Я понимал Ванду. Когда таким же утром мы очутились в Полоцке, мне вот так же хотелось припасть к заснеженной земле. Постеснялся — вокруг народ, станция была забита эшелонами. Ванде повезло. Мы — одни! И такая рань! И такое утро! Весеннее! Но у Тужникова гневно сверкнули глаза. Он сказал во весь голос, забыв, что рядом спят, сказал, осуждая меня:
— Иди скажи, чтобы не ломала комедию! А то она тебе молиться начнет. Молодая коммунистка! Вот оно, твое воспитание!.. Не ты ли рекомендовал ее?
Я. В члены партии. Кандидатом Ванда пробыла без малого год, не по-фронтовому, поскольку еще там, в корпусе, схватила выговор за пререкания с командиром — с преподавателем курсов. «Я с ним не пререкалась — по морде шлепнула». Но за что — и мне не объяснила. И на партбюро, когда снимали выговор, уклонилась от честного признания.
«Поспорили мы».
«По поводу чего?!»
«По национальному вопросу».
«Теоретик, — хмыкнул тогда Тужников. — Представляю спор, за который выговор записывают».
В члены партии Ванду приняли неделю назад здесь, в вагоне. Подобрели в дороге, ознаменовывая приближение к фронту. Да и она показала себя хорошим командиром целого девичьего взвода, человек тридцати, с которыми в дорожных условиях, пожалуй, не справился бы и офицер-мужчина. И вот молодая коммунистка, коленопреклоненная, целует землю и, кажется, не очень спешит подниматься. Чего доброго, действительно креститься начнет… Я не мог забыть историю с англичанами.
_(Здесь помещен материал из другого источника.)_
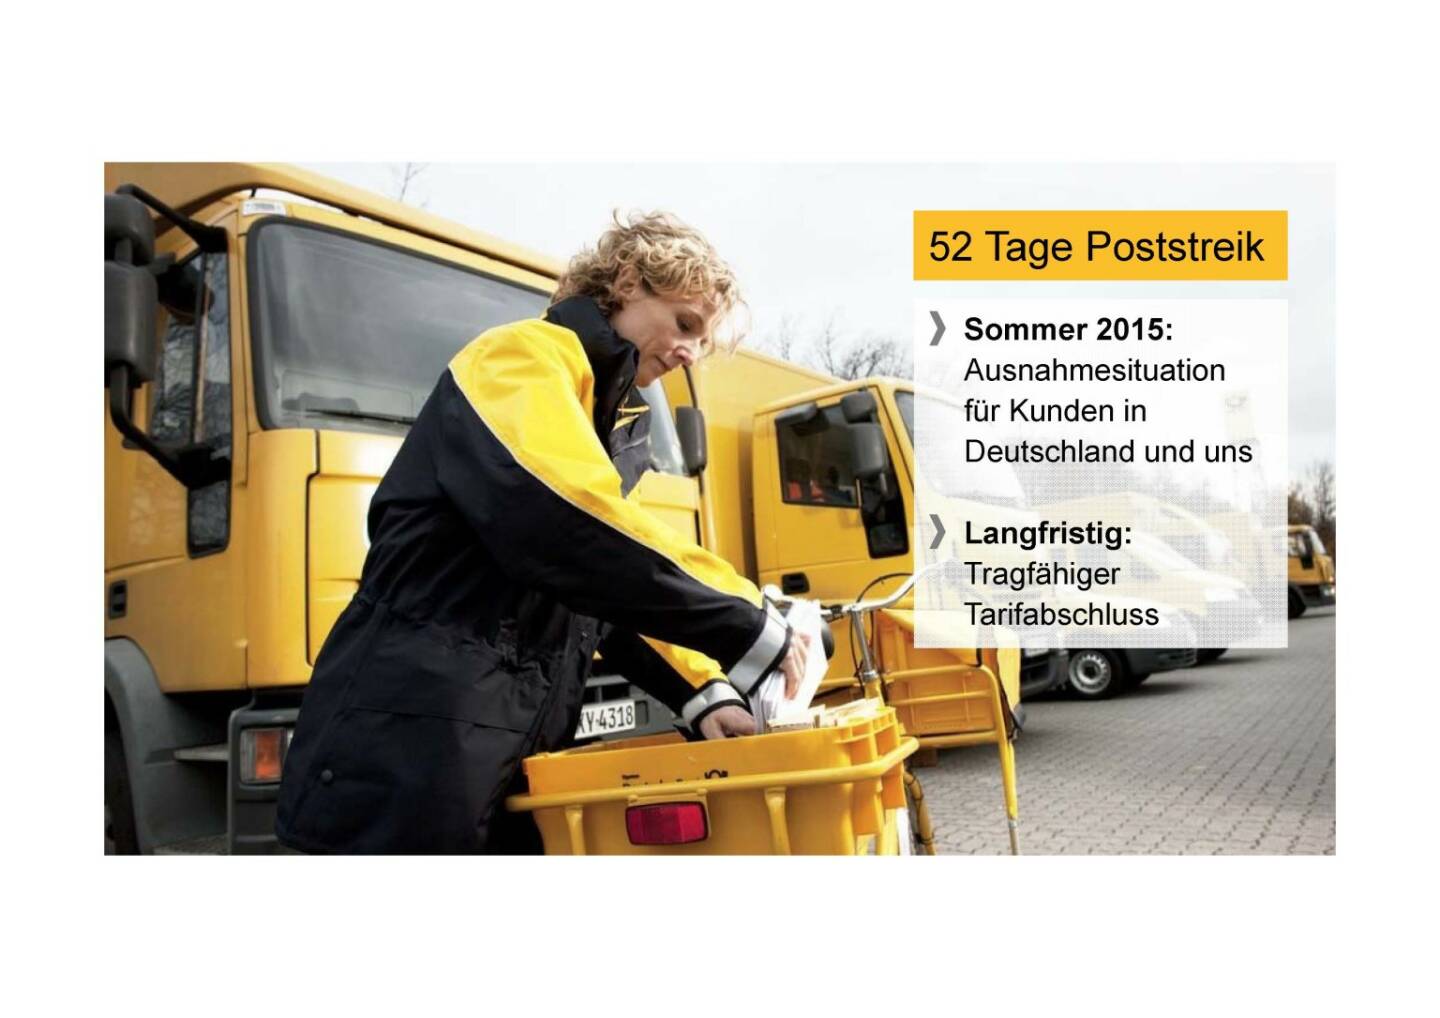 Deutsche Post - 52 Tage Poststreik

Сиганул из тамбура к ней, готовый подхватить — сделать вид, что она споткнулась на шпалах и я поднимаю.
— Прекрати спектакль! Выставилась перед эшелоном!.. Люди смеются.
Ванда глянула на меня, в глазах ее блестели слезы.
— Дурак! Я восемьдесят лет не была на этой земле.
— Спишь еще, бабуся? Или угорела? Восемьдесят лет!..
— Без фантазии ты человек, Павел.
Ванда поднялась. Крупицы гравия впились в колени, она не обтрясла их — заняты руки: в ладонях держала мокрый песок. В правой руке показала его мне.
— Моя земля!
— Объявляешь, как королева. Нашлась собственница! Сошла из теплушки мессия!..
— Павел! Я думала о тебе лучше. Есть платок? Дай. Я завяжу в него горстку земли, к которой притронулась впервые, и буду носить с собой… у сердца. Как талисман.
Я понимал Ванду. И меня растрогало ее целование земли и эта горстка гравия, которую она держала как хрупкое сокровище. Я сказал: «Прекрати спектакль!» Но мне не казалось это игрой, рассчитанной на публику, хотя знал, что играть Ванда умеет и любит; иногда трудно разобраться, где она серьезная, а где паясничает.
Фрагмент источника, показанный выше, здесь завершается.